Category Archives: Books

Reading Goals for 2013

We’re almost at the end of the first month of 2013 and, hopefully, we haven’t all called it quits on our resolutions already.  I personally set goals for myself for the upcoming year and, usually, kind of fail at making them all come to fruition.  However, one set of goals that I tend to take rather seriously are my reading goals – or, rather, my hopes and dreams – for the year.

As mentioned in my final post of 2012, I didn’t hit my goal of overall number of books to read last year.  I have my reasons for not hitting that number, but I’d like to accomplish my goals for this year as a way to make up for last year’s shortcomings.  But we’re only 26 days into the year and I’ve already tweaked some of my goals.  Oops.

Let us start with the number of books that I would like to read this year.  On GoodReads, I set myself a goal of 35 books.  I think that I can do this.  Two years ago I read just over 40, so my hopes are high.

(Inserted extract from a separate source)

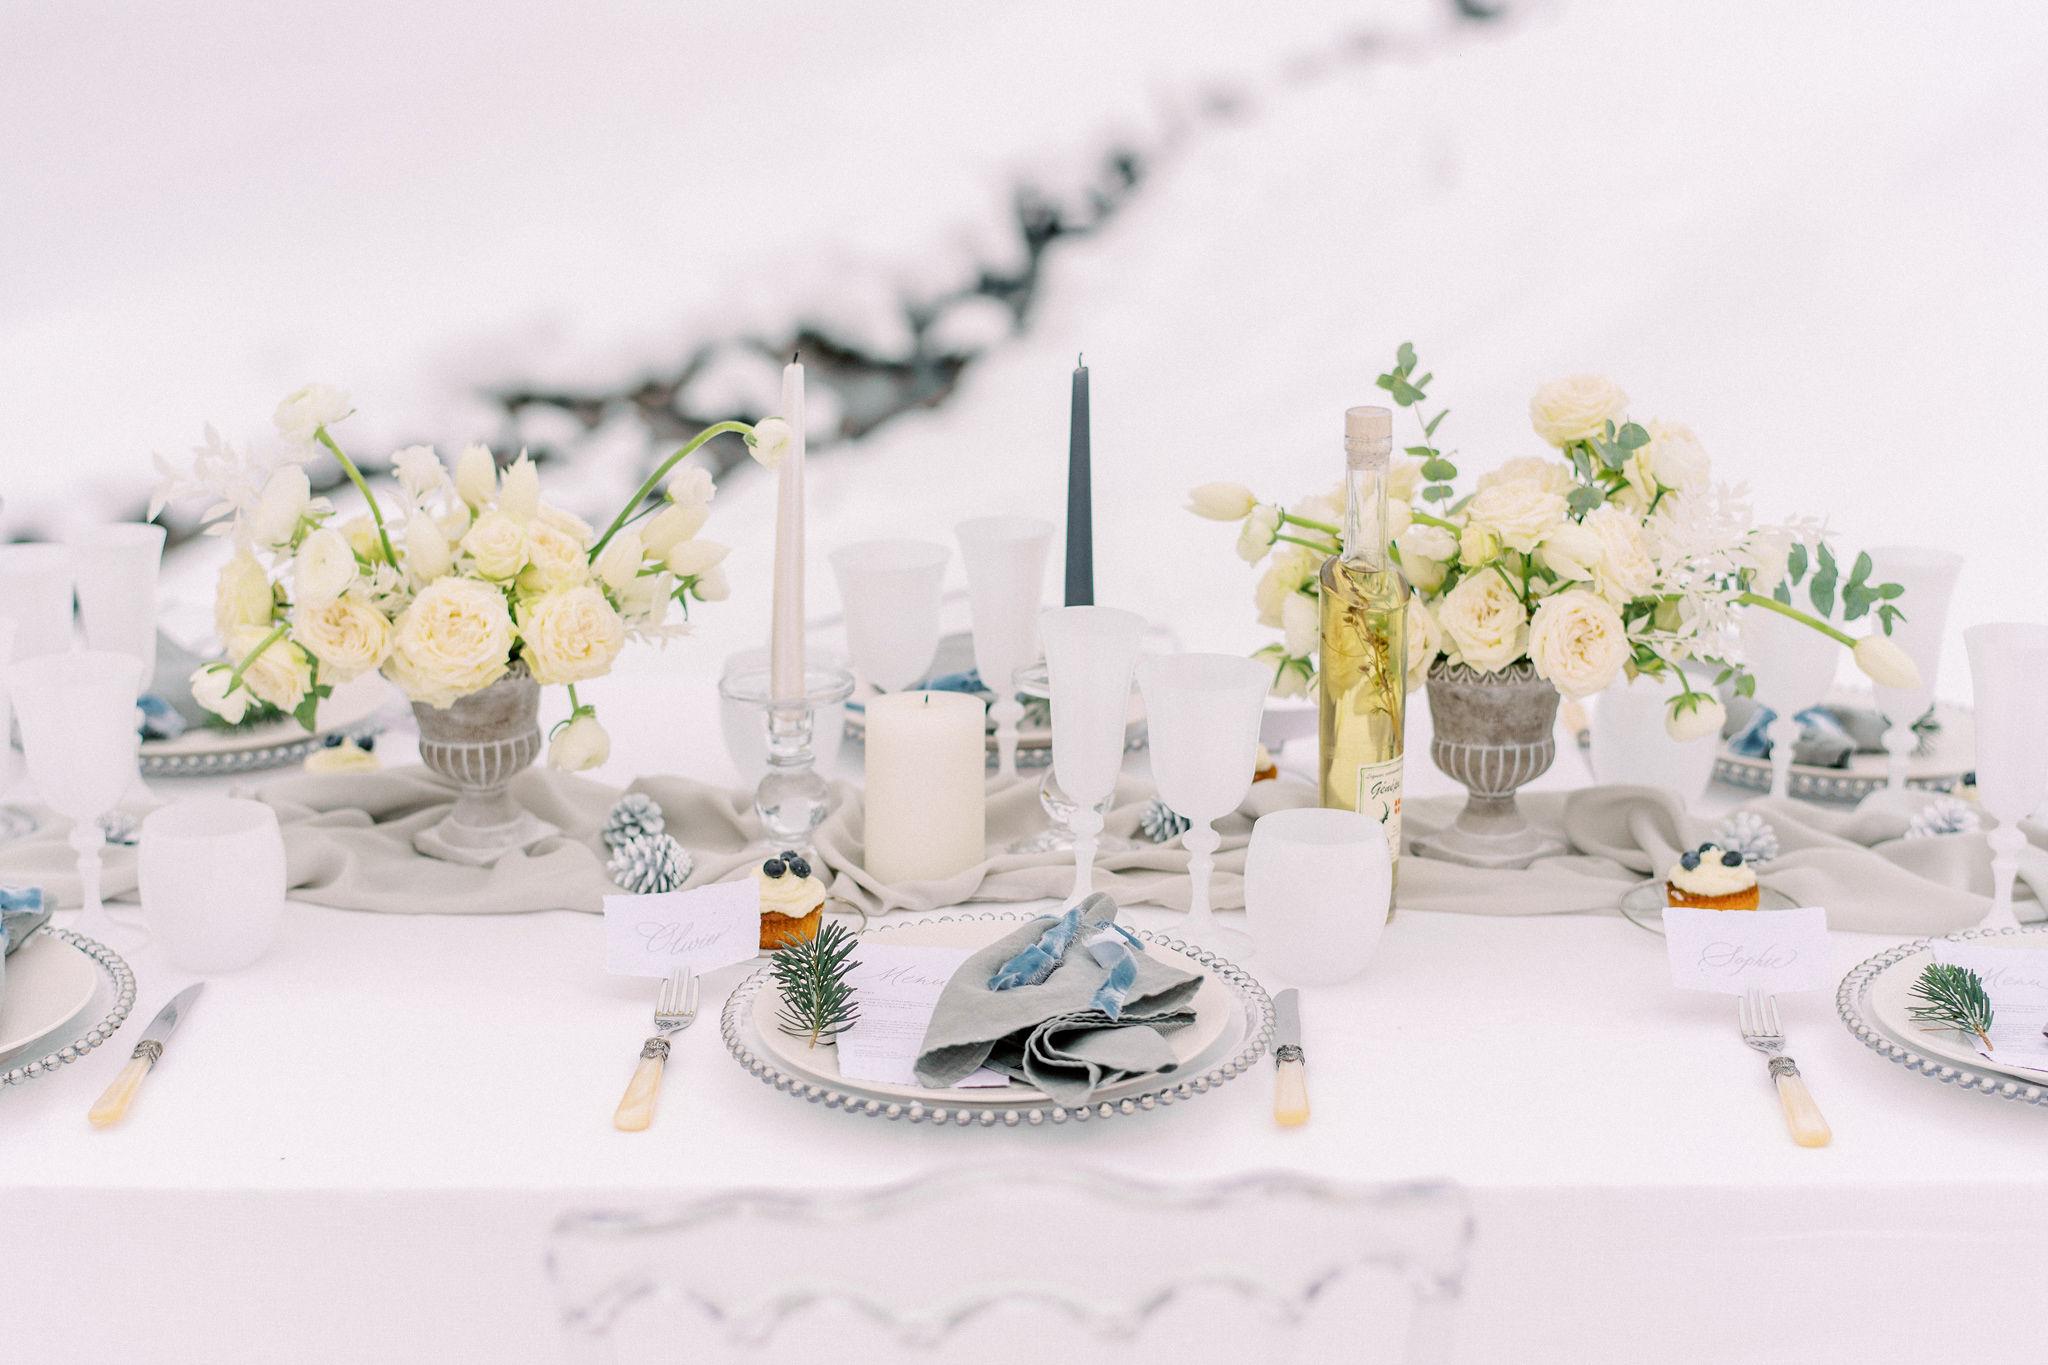 menthe-sauvage-fleuriste-mariage-hiver-neige-provence-lyon-beaujolais-bourgogne-haute-savoie

In conjunction with the total number of books that I’d like to devour, I originally set a challenge for myself to read The Hobbit and The Lord of the Rings trilogy.  I was ready to go, high on the excitement of watching (re-watching when it comes to the trilogy) the films, cracking jokes about Gandalf and tricksy hobbitses.  While I read The Hobbit for the second time in my life, however, I realized that it’s exceedingly difficult for me to get into third person narrations.  Especially when the fact that it is written in this manner cannot be escaped.  Basically, if it reads too much like a storybook, I wind up getting bored and struggling.

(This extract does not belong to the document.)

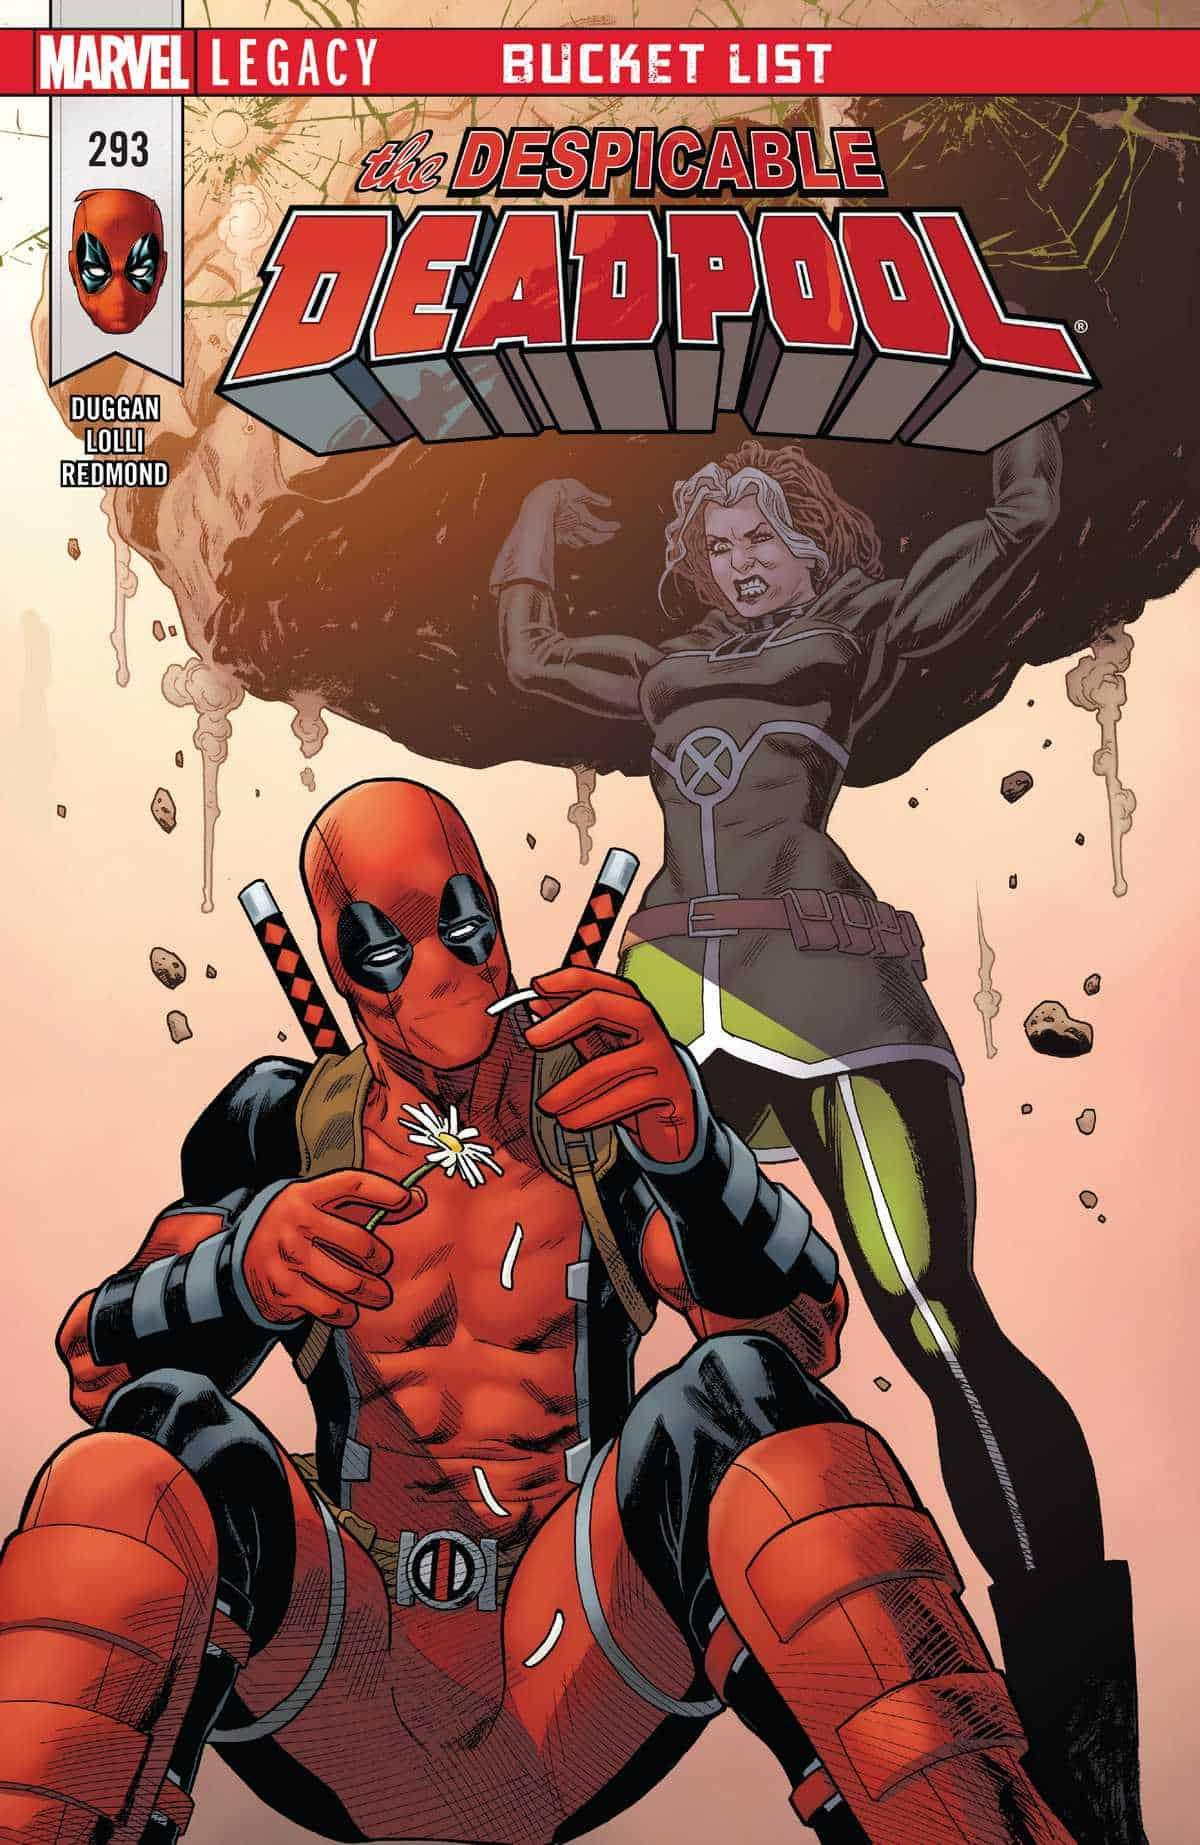 Deadpool293-1.jpg

I haven’t abandoned the hope of reading Tolkien altogether, but I’m not maintaining this goal for 2013.  INSTEAD I want to challenge myself to read primarily historical fiction this year.  So, let’s say, at least 75%.  Pair the fact that I am admittedly obsessed with the Tudors and Anne Boleyn with my never tiring of these books, I think that this is a very feasible (and enjoyable) goal.

What are your reading goals for 2013?

Perhaps while I read these books, I will wear my new Anne Boleyn hoodie, bought from the tartx shop on Etsy.  It arrived last night and is beautiful, comfortable, and warm.  If you’re a fan of the Tudors or anything historical and classy, check out her shop.  You shan’t be disappointed.

Anne Boleyn hoodie from tartx on Etsy

Anne Boleyn hoodie from tartx on Etsy


Filed under 2013, Books

Gone Girl by Gillian Flynn

0806_gone_425Title: Gone Girl
Author: Gillian Flynn

My final read of 2012 – Gone Girl by Gillian Flynn – is definitely a book to be added to my ever-growing list of “favorites”.  This book was a gift and, while I have seen the title show up in reading lists, bestseller lists, and all over GoodReads, I never took a moment to read the synopsis and decide for myself whether or not I should check it out.  I am incredibly thankful that someone gifted it to me, however, because this is a book that I just could not put down.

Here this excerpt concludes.